Les cheveux de l’enfant, me croirez-vous, sont dressés sur sa tête. J’aurai de la douleur à continuer.

– Calme-toi, murmuré-je. Ce n’est qu’une fable.

– C’est toi qui le dis, murmure-t-il. J’attends la suite.

Un jour que Progné promène sa douleur infatigable dans la campagne, elle trouve la maison où Philomèle vit.

Progné l’interroge, ivre de bonheur, ivre de questions.

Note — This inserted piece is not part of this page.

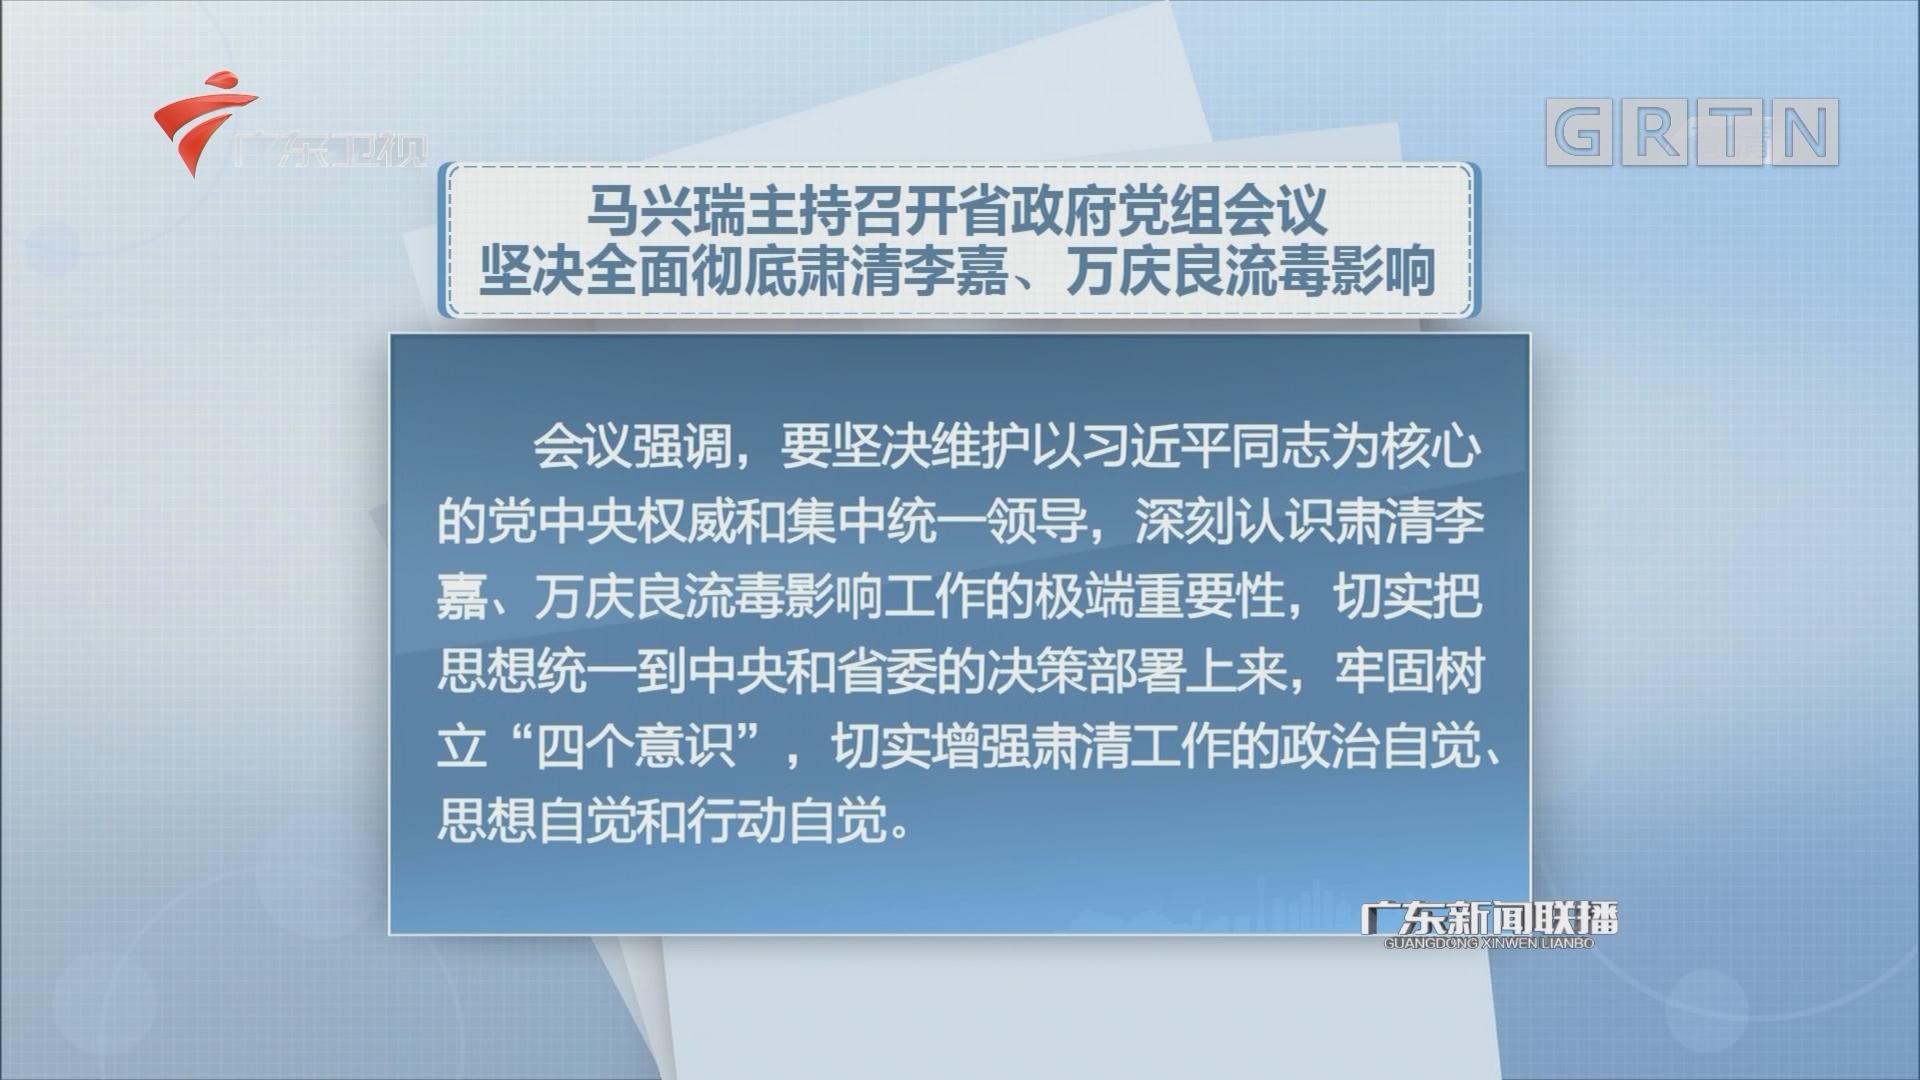 马兴瑞主持召开省政府党组会议 省政府常务会议

Philomèle ne peut répondre. Mais elle entraîne sa sœur dans une pièce retirée

Où, patiemment, elle a tissé toute l’histoire avec des fils de couleur,

Avec des fils de douleur.

Progné reconnaît le navire et reconnaît Térée.

Elle voit le viol, elle voit la langue coupée.

Elle prend la tapisserie dans ses mains,

Elle regarde tant que ses yeux se troublent,

Que son cœur se fige.

Elle retourne chez elle avec Philomèle sans tarder.

Et tout ira très vite, crois-moi.

Progné – ne tremble pas, je pleure avec toi –

Progné prend son fils et le tue et le fait cuire.

Elle le donne le soir même à manger à Térée.

Une fois le repas fini

– Ne tremble pas, je pleure avec toi ! –,

Elle fait venir Philomèle et révèle à Térée ce qu’il a mangé.

Ne tremble pas, ne tremble pas !

Je te le dis,

Plus jamais ils n’auront face humaine,

Plus jamais ils ne se croiseront.

– Le jour et la nuit les séparent –

L’horreur a fait d’elles un rossignol et une hirondelle,

Et un chat-huant de Térée.

(Sur l’océan, j’entendis le vent qui soufflait

De nouvelles peines irrécupérables.)

– Mais ce n’est pas une fable, dira l’enfant, les lèvres blêmes de colère, c’est un chaos. Il est grand temps que je grandisse encore.